When you repeat the listing below, keep every word exactly and leave out each picture.
___ Given material
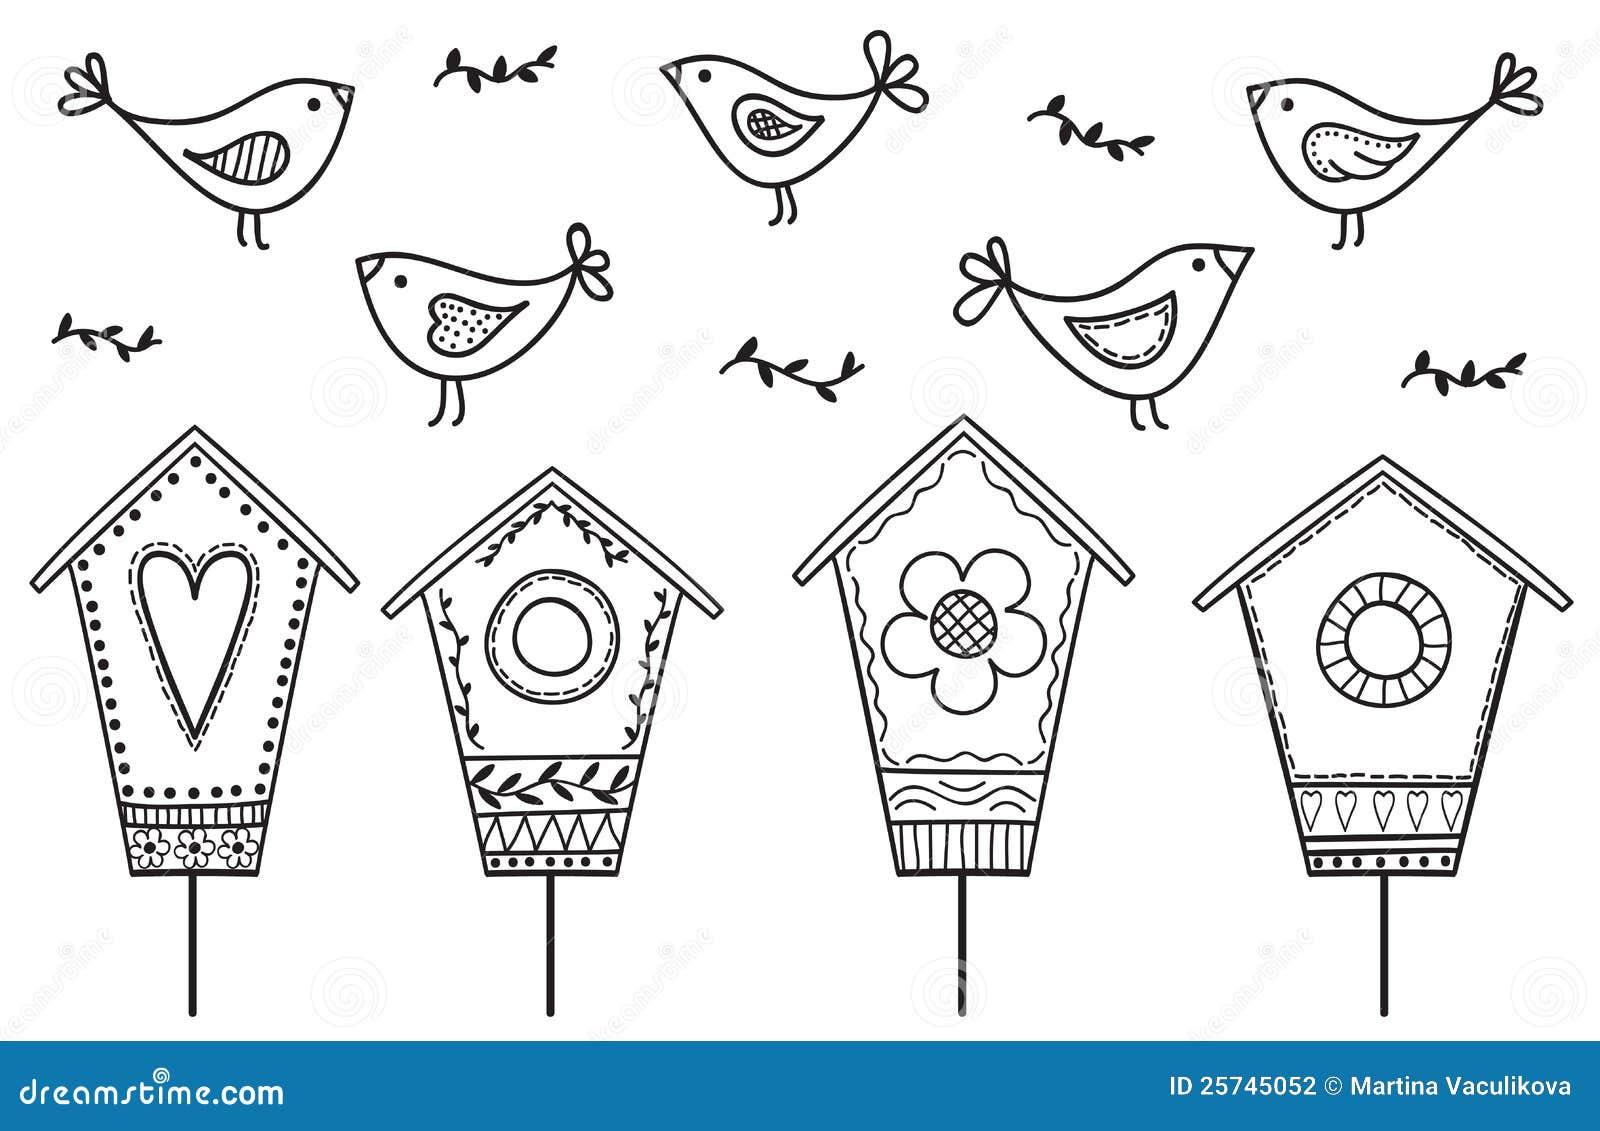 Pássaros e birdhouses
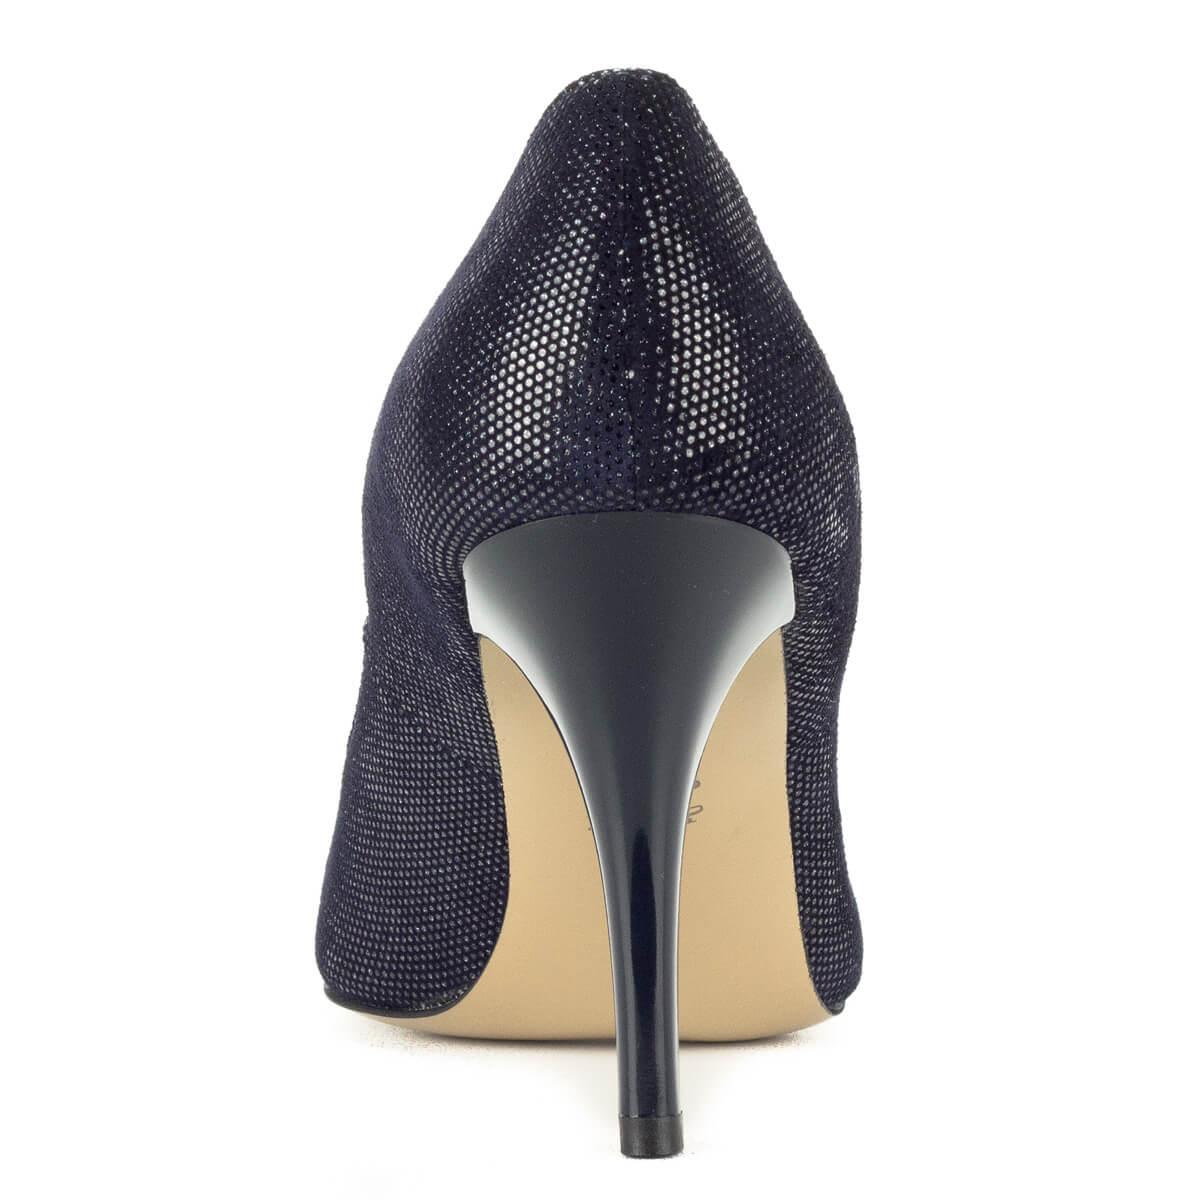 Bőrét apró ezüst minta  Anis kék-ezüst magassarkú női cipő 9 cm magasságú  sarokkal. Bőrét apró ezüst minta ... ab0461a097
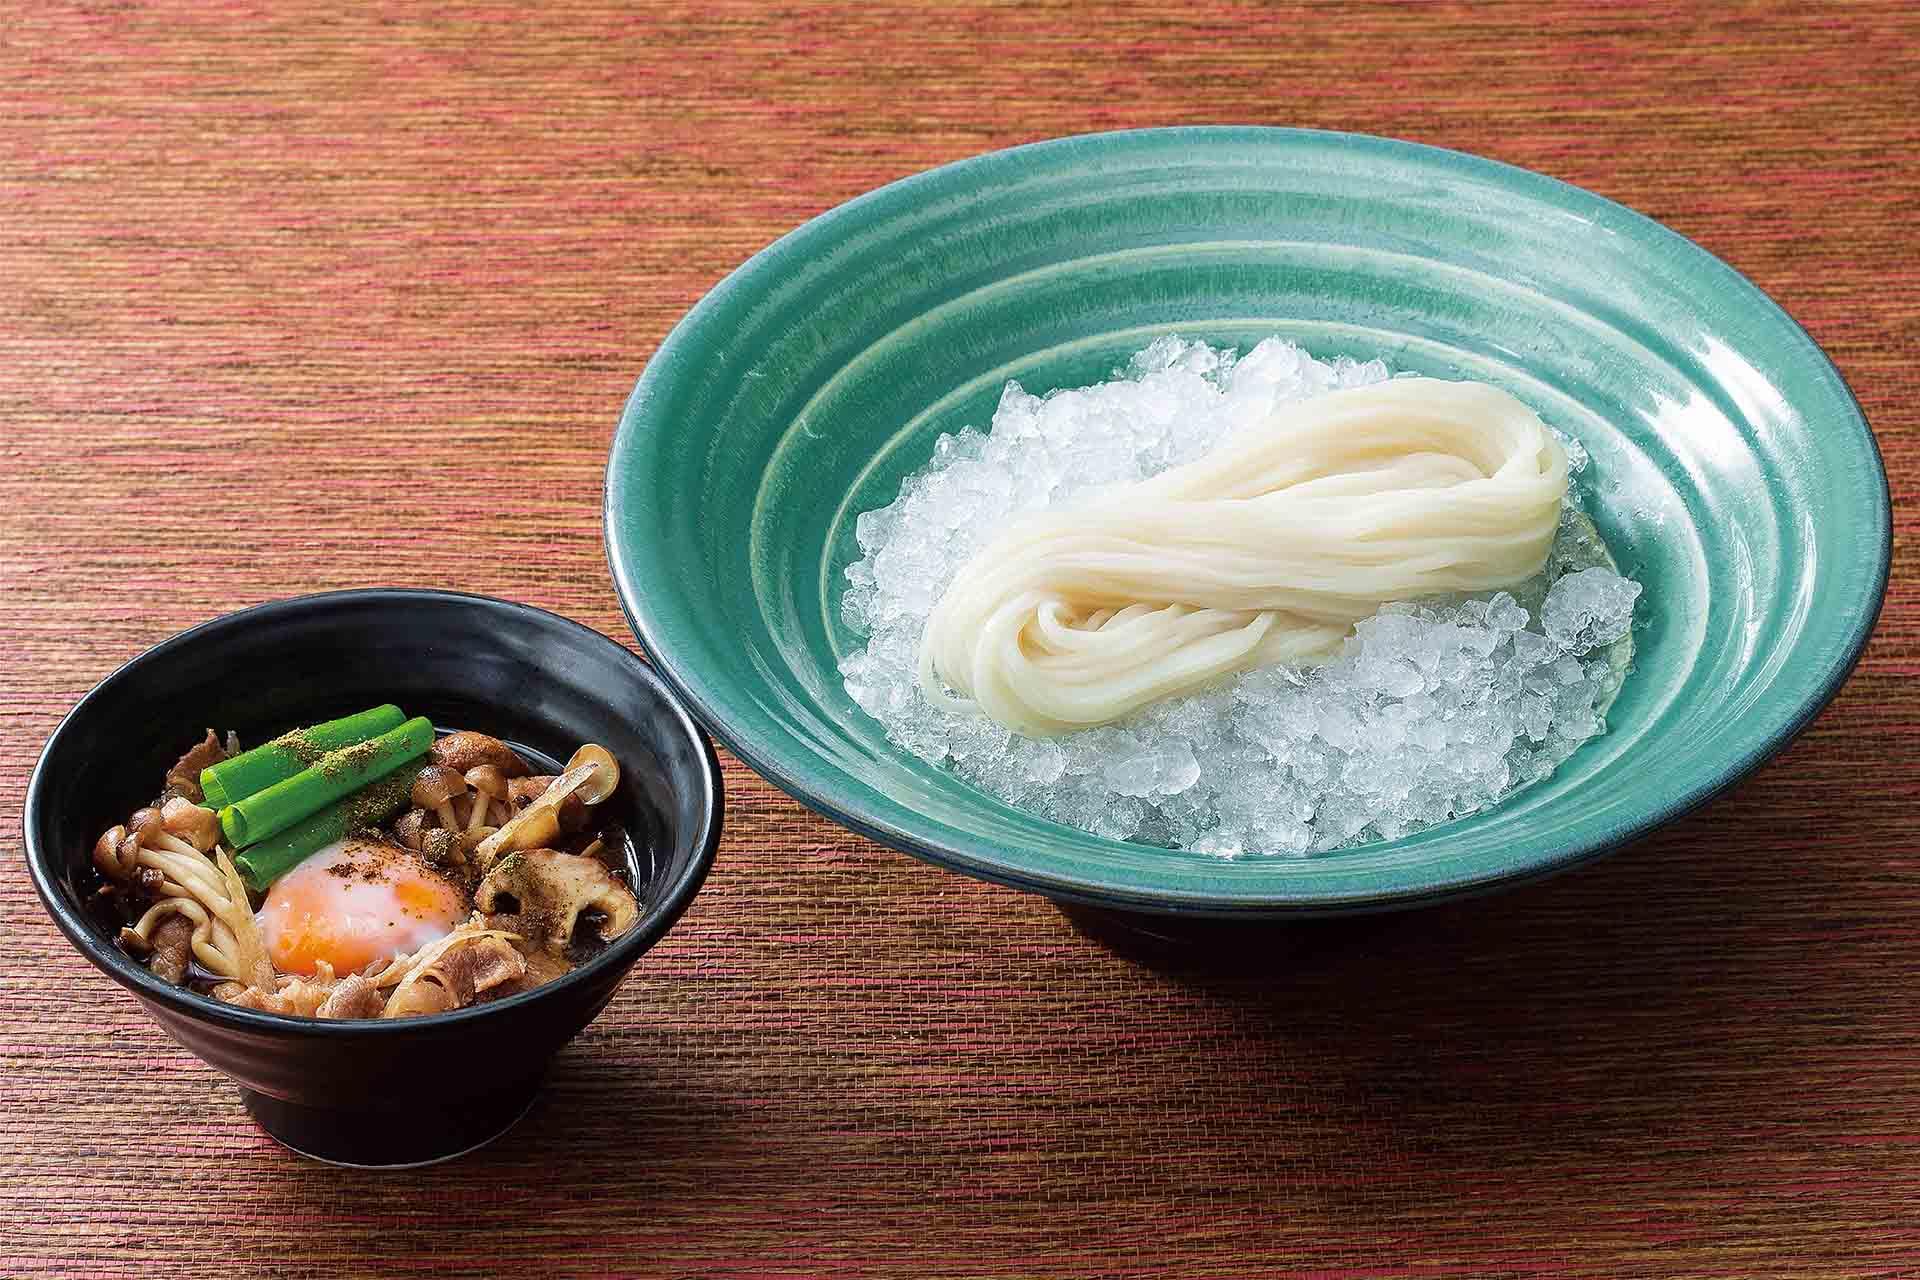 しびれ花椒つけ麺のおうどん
______
= Worked solution =
 Pássaros e birdhouses
 Bőrét apró ezüst minta  Anis kék-ezüst magassarkú női cipő 9 cm magasságú  sarokkal. Bőrét apró ezüst minta ... ab0461a097
 しびれ花椒つけ麺のおうどん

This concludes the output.